Were it standard to present proofs in computer-checkable form, there would be no review process at all. In fact it would be possible to send a proof to a theorem server which would automatically accept any proof which checked out. Had Perelman submitted to one of those, we wouldn’t have had any review process at all, and had complete confidence from day 1, and there wouldn’t be any of this stupid game of who really proved it by making the arguments sufficiently ‘formal’ or ‘detailed’.

I view the switch to doing mathematics in the style just described as inevitable…

Like Bram, I also hope and expect that mathematicians will eventually switch to machine-readable proofs supplemented by human-readable explanations. That would certainly beat the current standard, proofs that are readable by neither machines nor humans.

So then why hasn’t it happened already?

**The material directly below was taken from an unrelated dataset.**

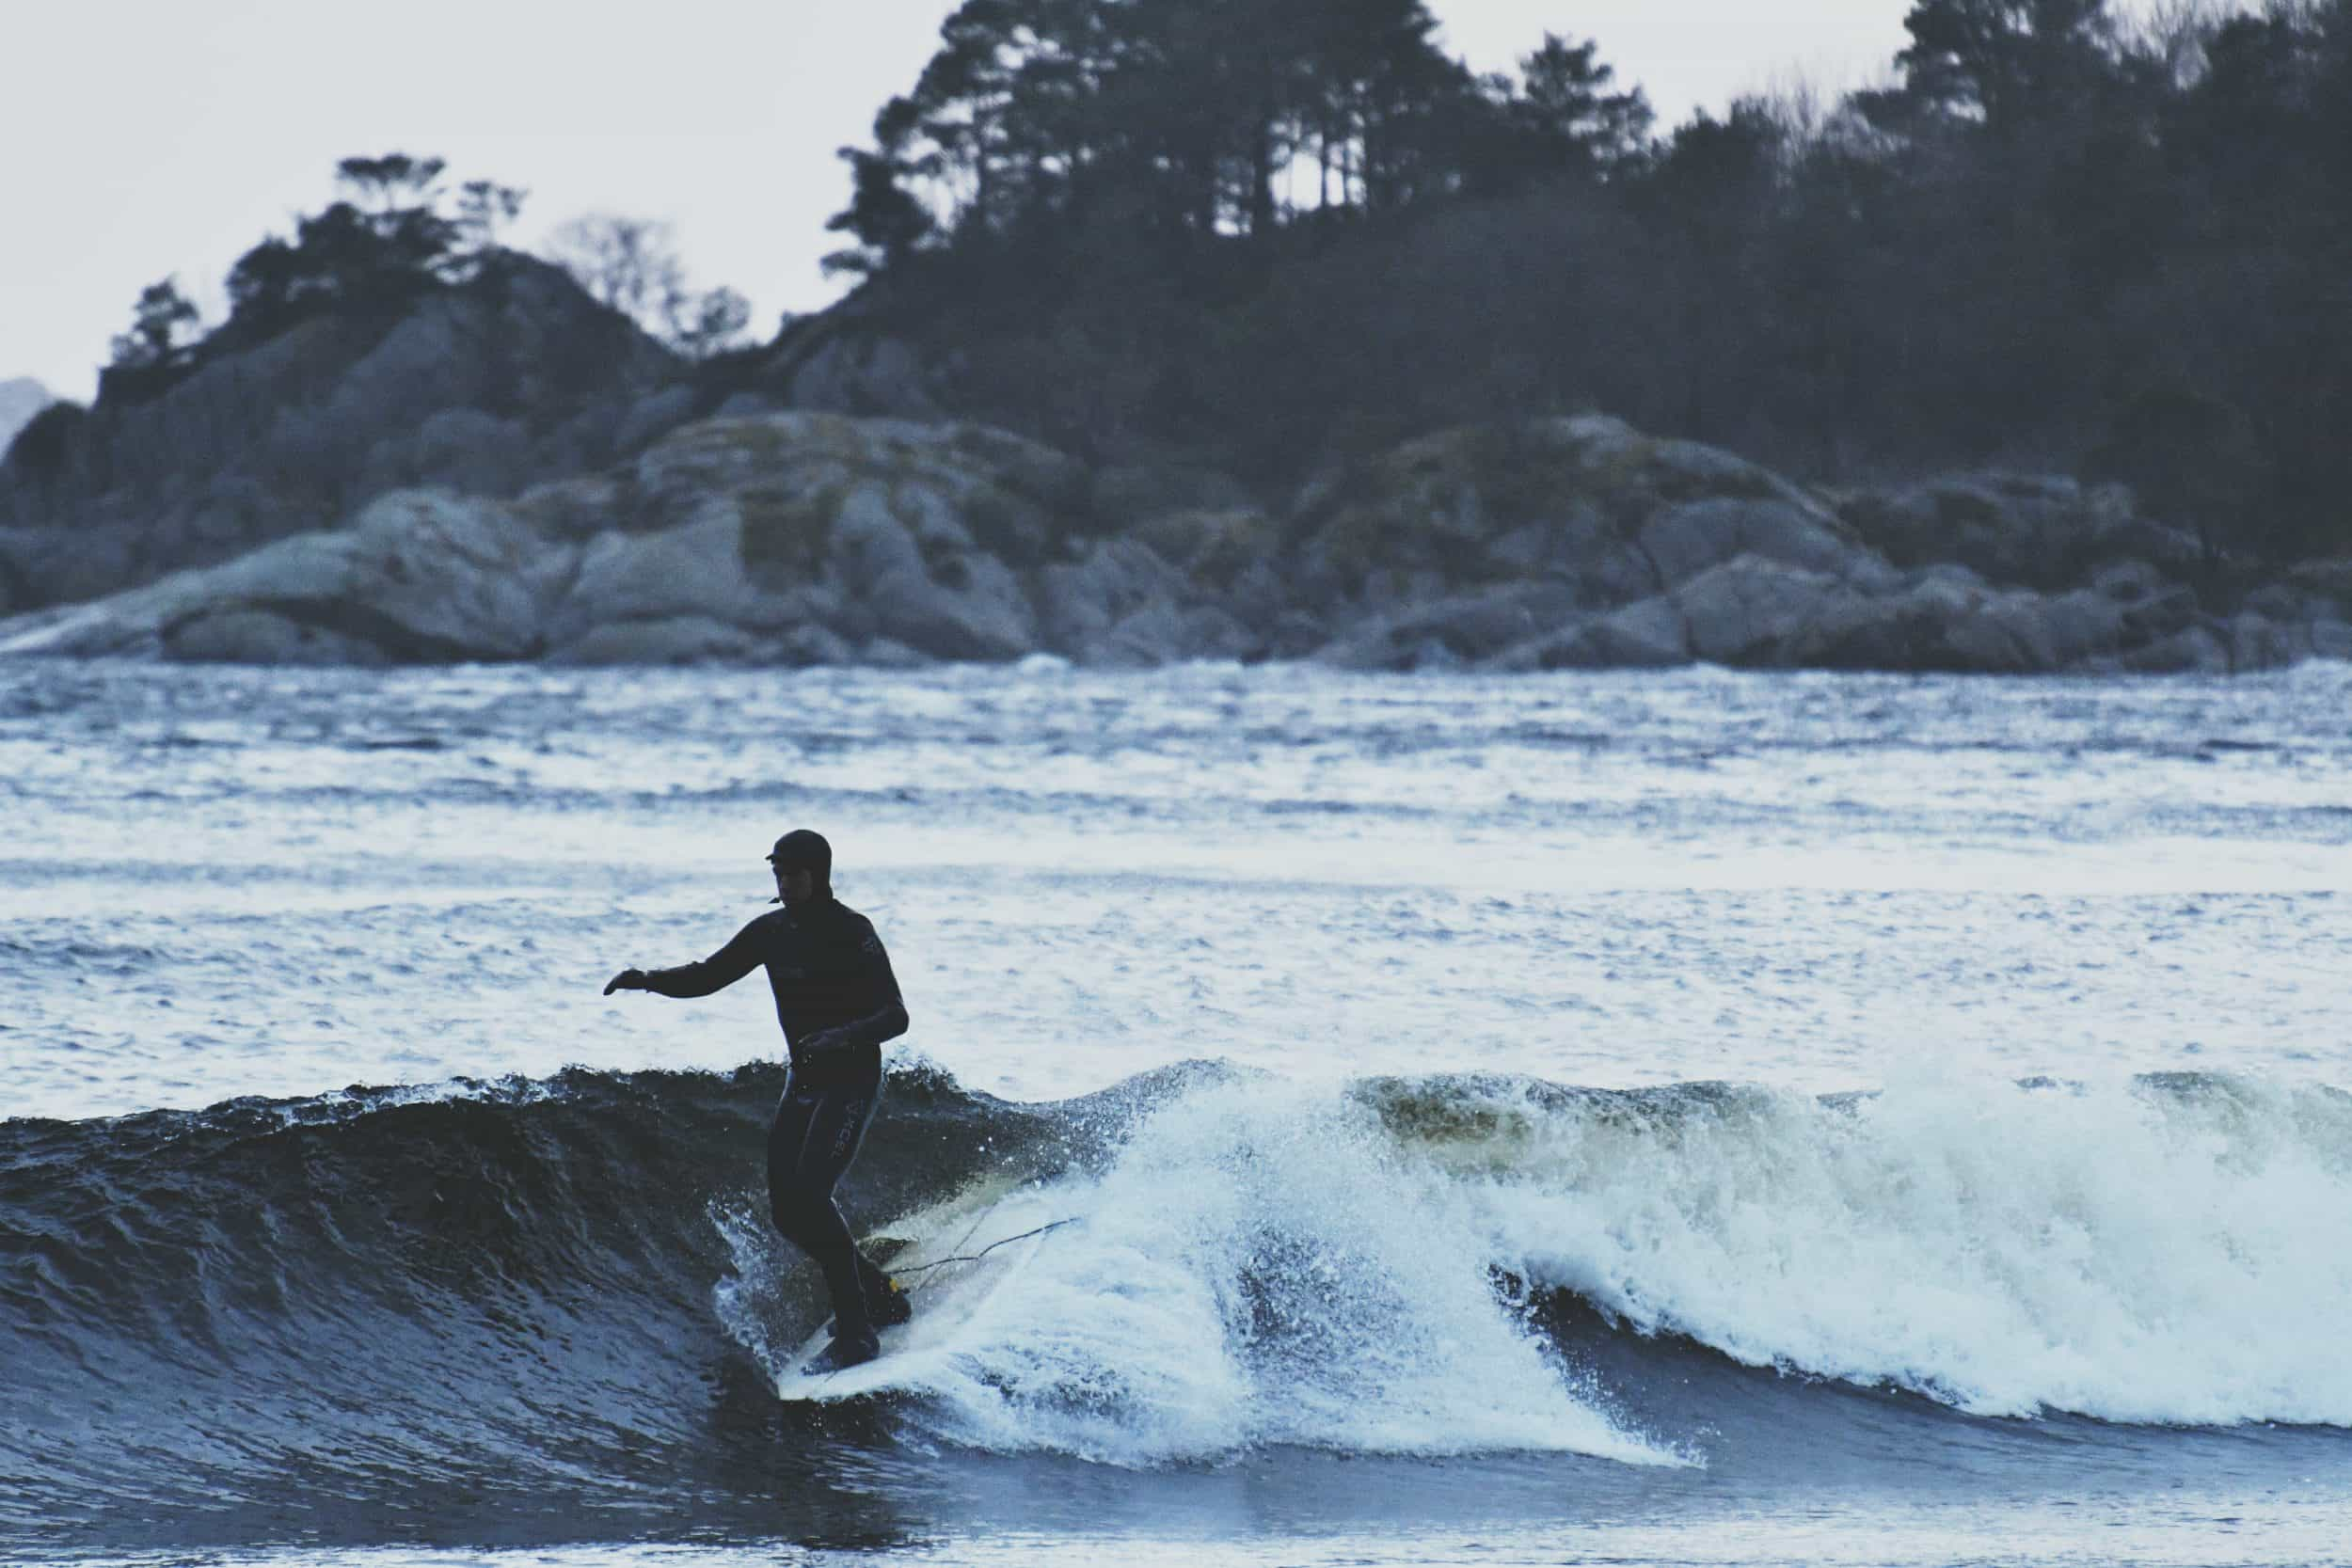 David Vanegan - Sjøsanden Mandal 22.02.17 matta_pe surfer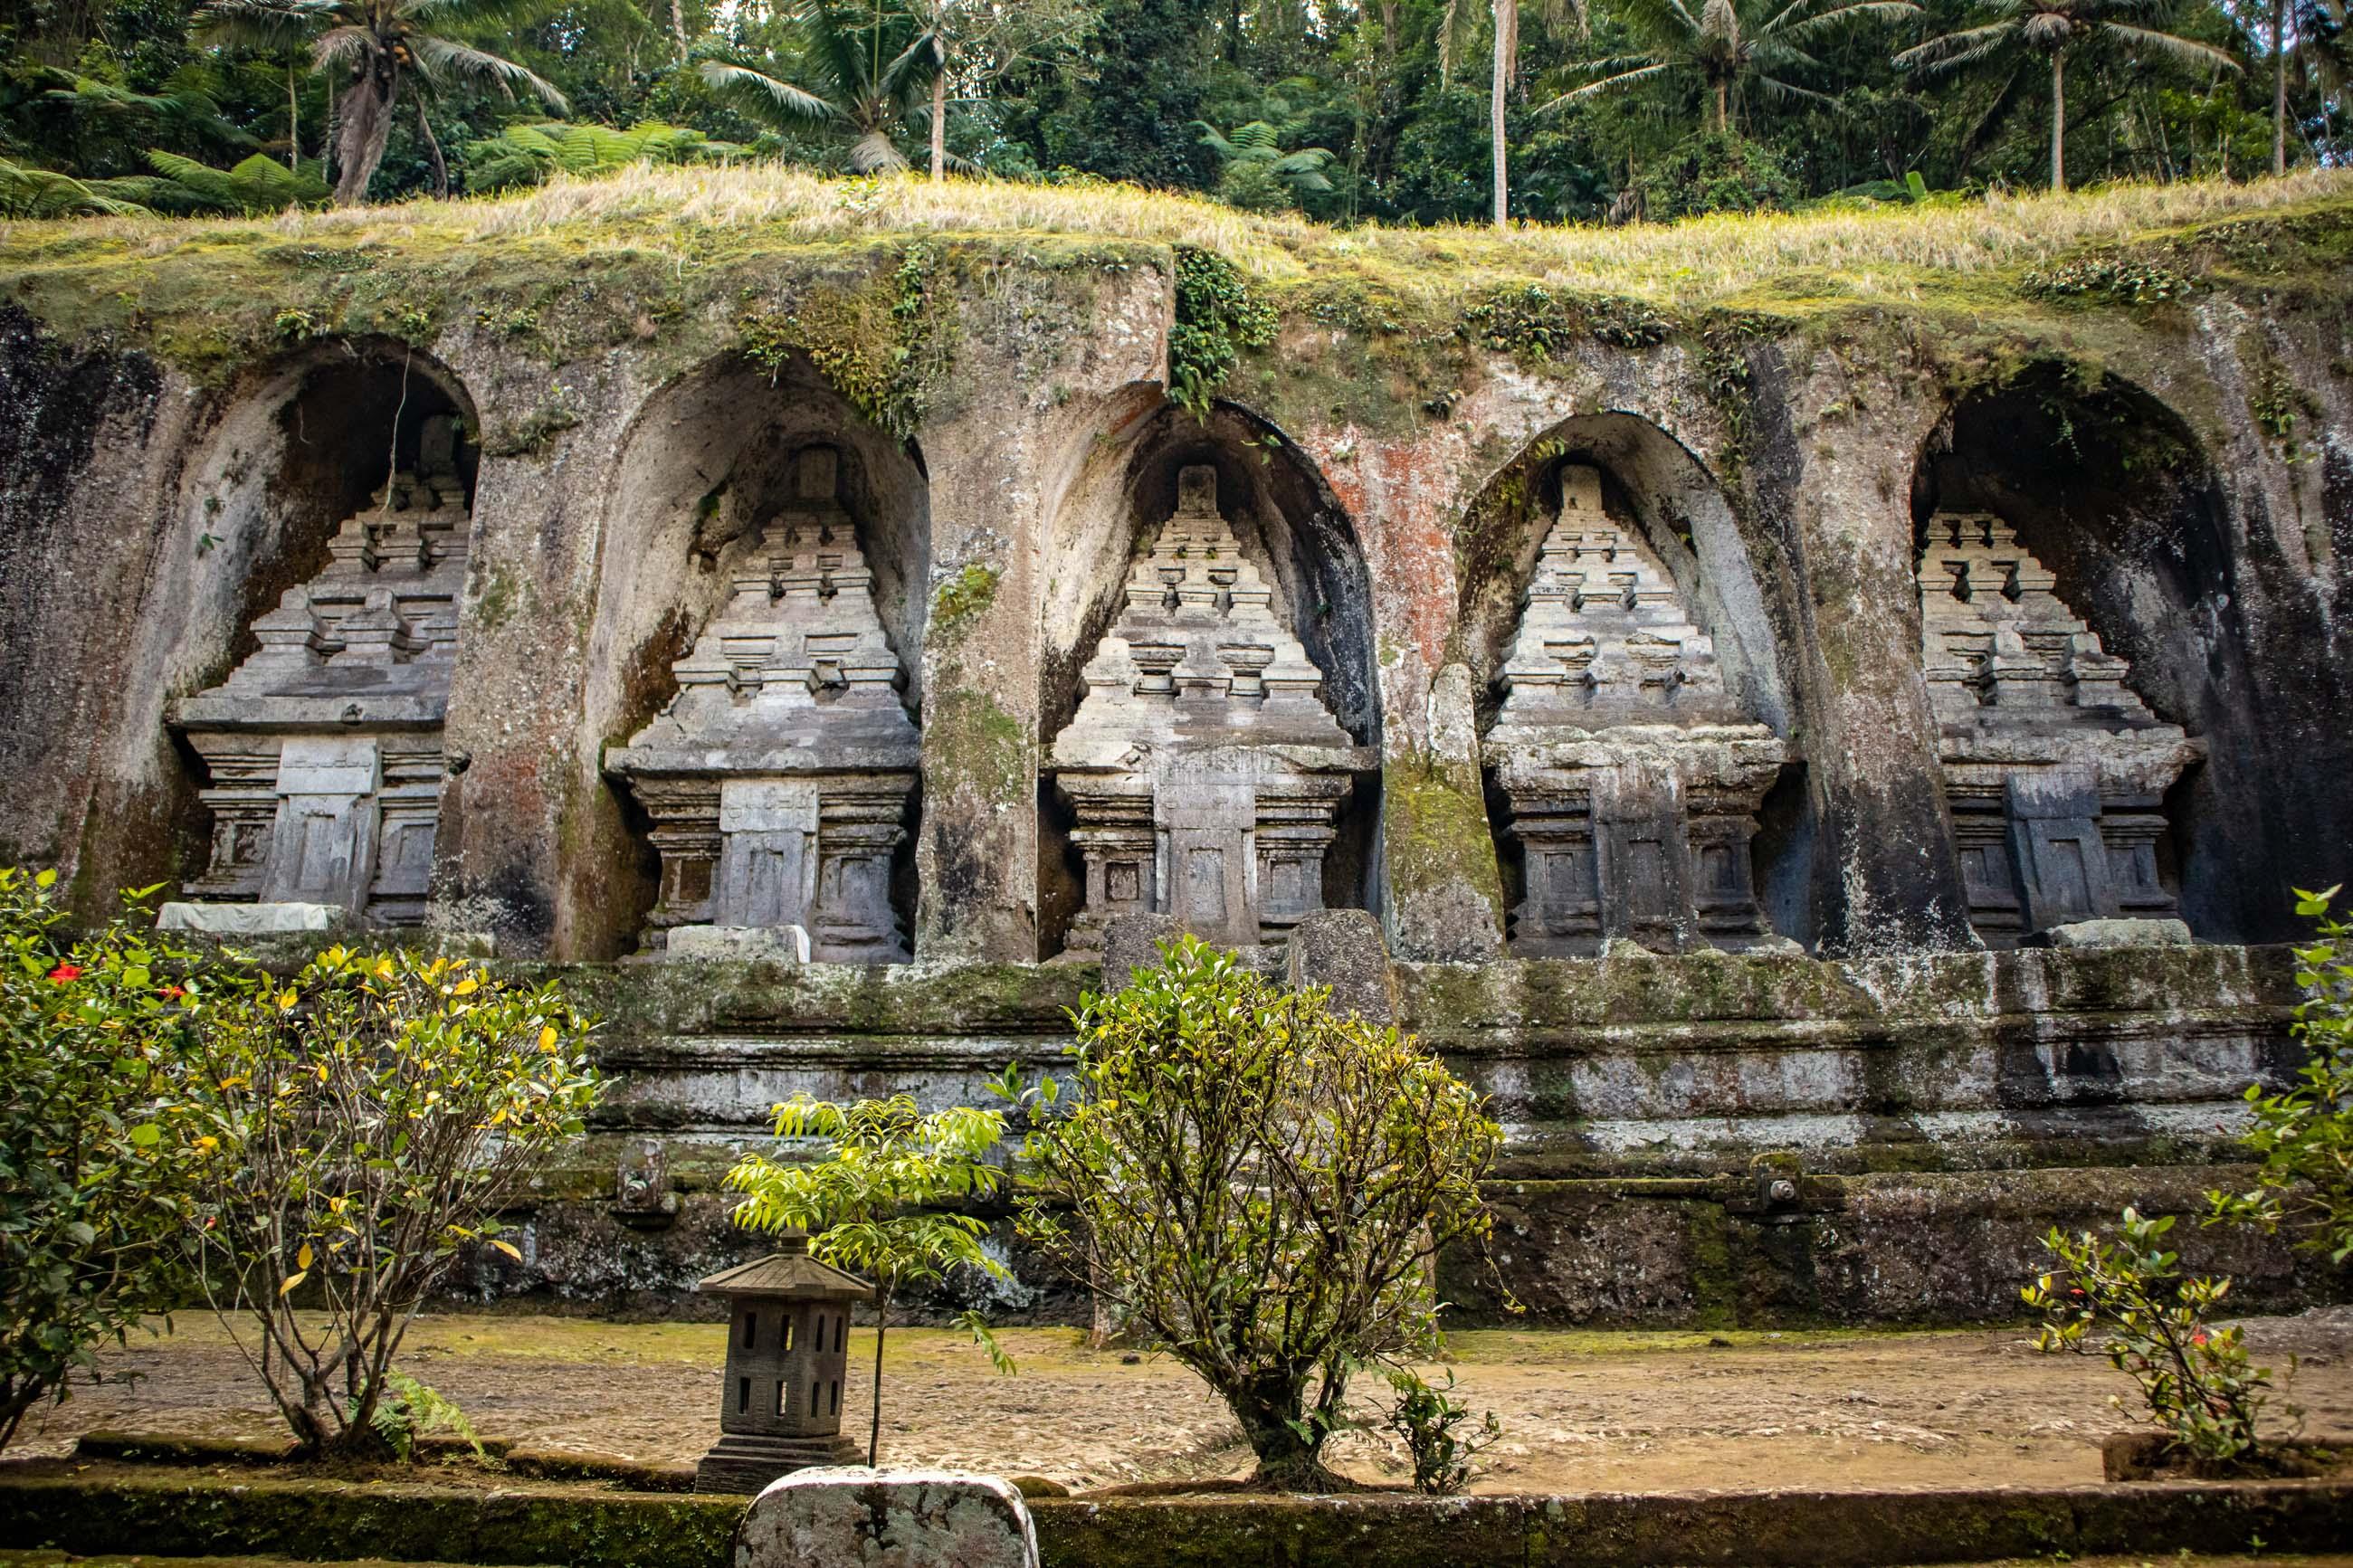 https://bubo.sk/uploads/galleries/7304/tomashornak_indonezia_bali_img_0453-1-79.jpg

Probably the best way to answer this question is to show you the proof, in a state-of-the-art formal verification system called HOL Light, that the square root of 2 is irrational.

let rational = new_definition
`rational(r) = ?p q. ~(q = 0) / abs(r) = &p / &q`;;

let NSQRT_2 = prove
(`!p q. p * p = 2 * q * q ==> q = 0`,
MATCH_MP_TAC num_WF THEN REWRITE_TAC[RIGHT_IMP_FORALL_THM] THEN
REPEAT STRIP_TAC THEN FIRST_ASSUM(MP_TAC o AP_TERM `EVEN`) THEN
REWRITE_TAC[EVEN_MULT; ARITH] THEN REWRITE_TAC[EVEN_EXISTS] THEN
DISCH_THEN(X_CHOOSE_THEN `m:num` SUBST_ALL_TAC) THEN
FIRST_X_ASSUM(MP_TAC o SPECL [`q:num`; `m:num`]) THEN
POP_ASSUM MP_TAC THEN CONV_TAC SOS_RULE);;

let SQRT_2_IRRATIONAL = prove
(`~rational(sqrt(&2))`,
SIMP_TAC[rational; real_abs; SQRT_POS_LE; REAL_POS; NOT_EXISTS_THM] THEN
REPEAT GEN_TAC THEN DISCH_THEN(CONJUNCTS_THEN2 ASSUME_TAC MP_TAC) THEN
DISCH_THEN(MP_TAC o AP_TERM `x. x pow 2`) THEN
ASM_SIMP_TAC[SQRT_POW_2; REAL_POS; REAL_POW_DIV; REAL_POW_2; REAL_LT_SQUARE;
REAL_OF_NUM_EQ; REAL_EQ_RDIV_EQ] THEN
ASM_MESON_TAC[NSQRT_2; REAL_OF_NUM_EQ; REAL_OF_NUM_MUL]);;

Cool — now let’s do Fermat and Poincaré! Any volunteers?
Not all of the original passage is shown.